I need to use the cdf (and quantile) function of the T distribution inside a function that I want to use Automatic Differentiation on. This works fine with almost any univariate distribution from the Distributions.jl package, but unfortunately not with the T distribution. Here is an MWE:
using ForwardDiff, ReverseDiff
using Distributions
function mytargetfunction(data::AbstractVector)
function obtaingradient(ν::AbstractVector{R}) where {R<:Real}
dist = Distributions.TDist(ν[1])
data_uniform = cdf.(dist, data)
return sum( logpdf(dist, data_uniform[i]) for i in eachindex(data_uniform) )
end
end
#working
ν = [3.0]
data = randn(1000)
target = mytargetfunction(data)
target(ν)
#not working
ForwardDiff.gradient(target, ν) #MethodError: no method matching Float64(::ForwardDiff.Dual{ForwardDiff.Tag
ReverseDiff.gradient(target, ν) #ArgumentError: Converting an instance of ReverseDiff.TrackedReal{Float64, Float64, ReverseDiff.TrackedArray{Float64, Float64, 1, Vector{Float64}, Vector{Float64}}} to Float64 is not defined.
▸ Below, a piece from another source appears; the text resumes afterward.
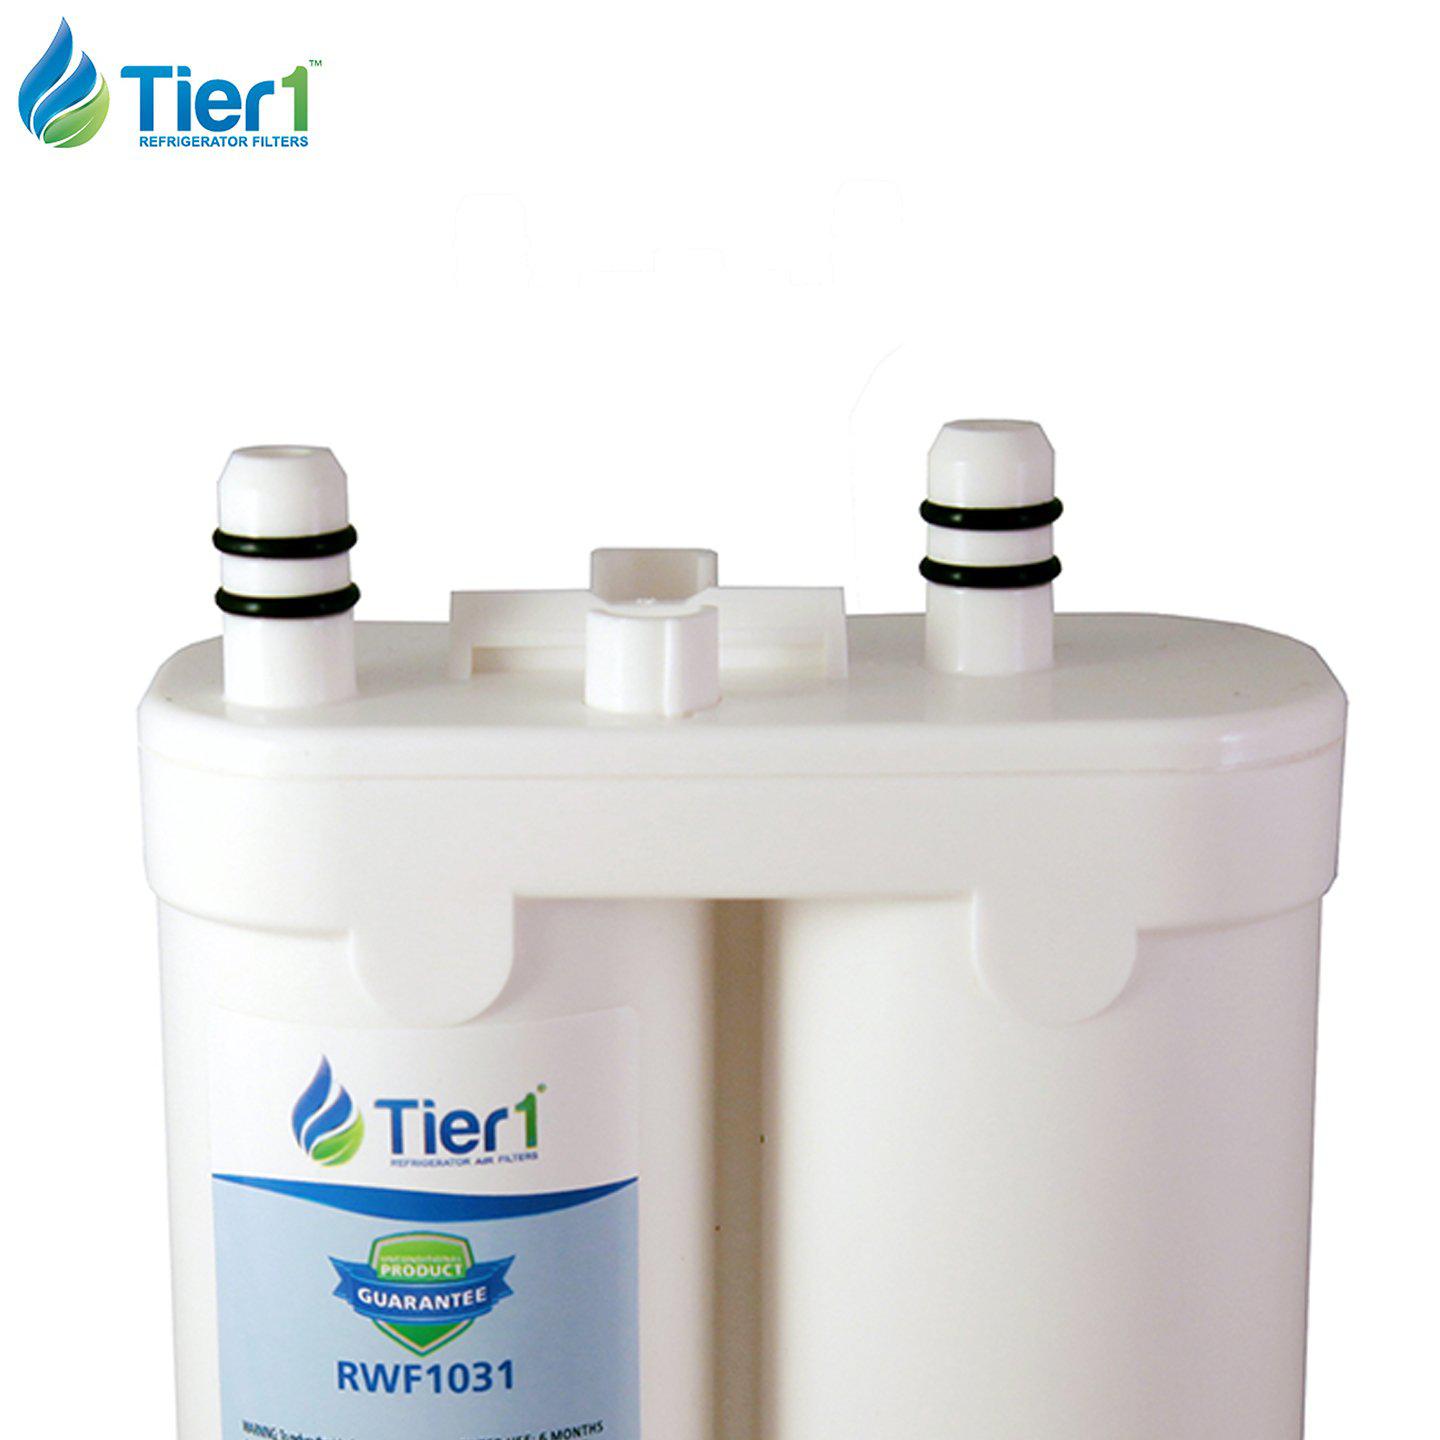 tier1 puresource2 refrigerator water filter 3-pk | replacement for wf2cb, ngfc 2000, 1004-42-fa, 469911, 469916, fc100, ewf2c

Please use `ReverseDiff.value` instead.
If I swap the T distribution in the closure with, e.g., a Normal, everything works fine. Are there any alternative packages for Julia that allow me to use a AutoDiff friendly T distribution? Or does anyone know a better trick to solve that problem? I can write down the cdf/quantile function analytically but only for a few selected cases unfortunately.
Perhaps using HypergeometricFunctions.jl would be acceptable? I doubt this is as fast or robust as some other options, but in easy tests it seems to be fine:
using StatsFuns, SpecialFunctions, HypergeometricFunctions, ForwardDiff, FiniteDifferences
# not thoughtfully written at all
function tcdf(v, x)
1/2 + x*gamma((v+1)/2)*_₂F₁(1/2, (v+1)/2, 3/2, -x*x/v)/(sqrt(pi*v)*gamma(v/2))
end
# CDF check:
@assert tcdf(1.1, 3.1) ≈ StatsFuns.tdistcdf(1.1, 3.1)
# Forward auto check:
@assert isapprox(ForwardDiff.derivative(_v->tcdf(_v, 3.1), 1.1),
central_fdm(10,1)(_v->tcdf(_v, 3.1), 1.1))
Obviously it’s preferable to have rules than to hope that ForwardDiff will pass through every branch of a function like that and give you the correct output—I had this fight with besselk a while ago, and it was an enormous pain to sort out…so I would guess the issue is even worse for a much more complicated function like 2F1.
For the quantile function, you could use a root finder on this CDF and ImplicitDifferentiation.jl to get the derivatives.
Again, though, it’s not obvious at all that a code implementation of 2F1 will give correct auto-derivatives of 2F1, so you should probably write a lot of tests that try to cover your uses cases and domain region and stuff.
I checked the manual implementation of the cdf with HypergeometricFunctions and it does work for my example! Unfortunately, it seems to segfault for quite a wide range of parameter values, making it difficult to work with.
I adjusted my expectations a bit and will try to define a custom Chainrules rule for my case to work.